Preference shares, more commonly known as preferred stock, are shares of an
enterprise’s stock with dividends that are paid out to the members before equity shares
dividends are circulated. If the enterprise enters insolvency, the members with preferred
stock are designated to be paid from company assets. Most of the preference shares
have a fixed dividend, while normally do not. Preferred stock shareholders do not
possess any voting rights, but equity shareholders typically do.
Features of Preference Shares:
• Preference shares are a long-term source of finance
• The dividend payable on preference shares (PS) is usually higher than the debenture
interest
• Preference shareholders (PSH) get a fixed rate of dividend regardless of the volume of profit
What are Equity Shares?
Equity shares were earlier called as ordinary shares. The shareholders of such shares are
the authentic owners of the enterprise. They possess voting right in the huddles of
holders of the enterprise. They have a command over the working of the enterprise.
Equity shareholders are given dividend only after paying it to the preference
shareholders.
Features of Equity Shares:
Equity share capital remains with the company. It is given back only when the
enterprise is closed
Equity shareholders possess voting rights and select the management of the enterprise

Most Asked Accounting Questions


1) What Do You Mean By Financial Accounting?
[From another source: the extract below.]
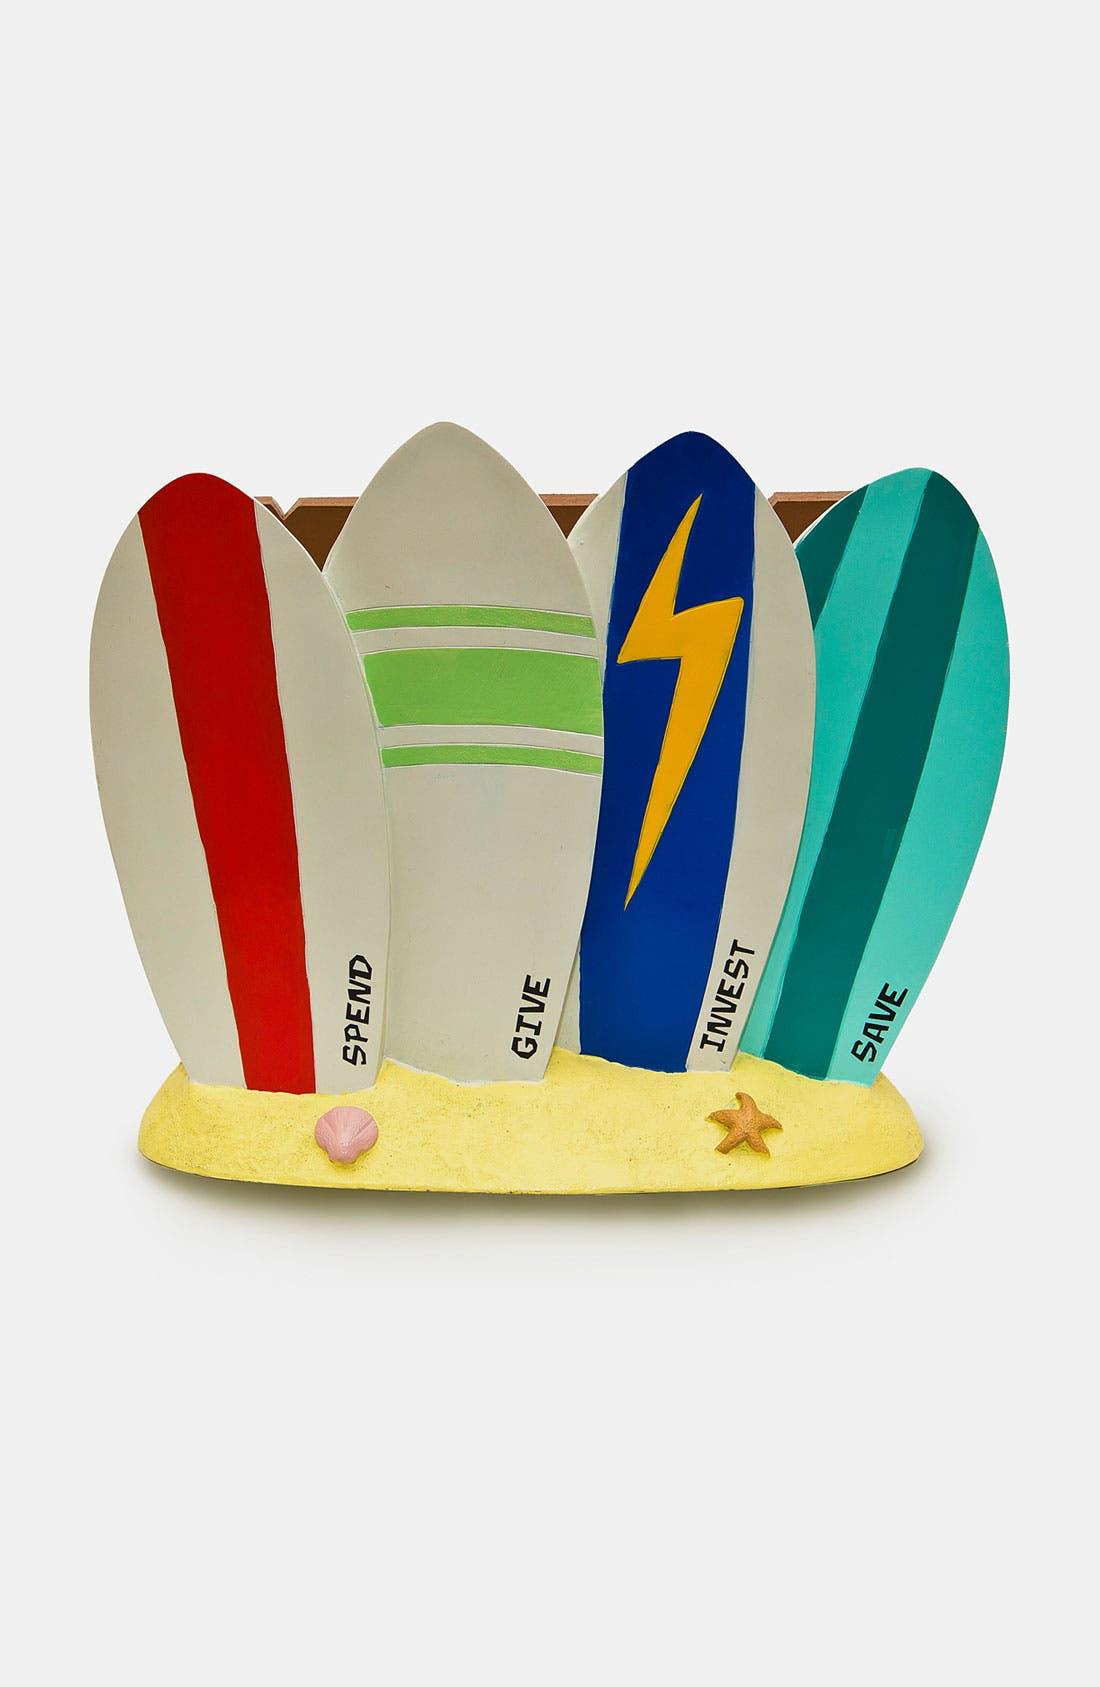 Main Image - Money Scholar Surf Savings Bank

The term financial accounting is used for summarizing and gathering financial data plan
to arrange financial reports such as income statement, the balance sheet for the
organization's management lenders, suppliers and other stakeholders.
2) What Are Some Most Famous Accountings Software?
Following is a list of some most famous accounting software:
Tally, Free Agent, FreshBooks, Sage 50 cloud, Zoho Books etc.
3) What Are The Skills Required For An Accountant Job Role?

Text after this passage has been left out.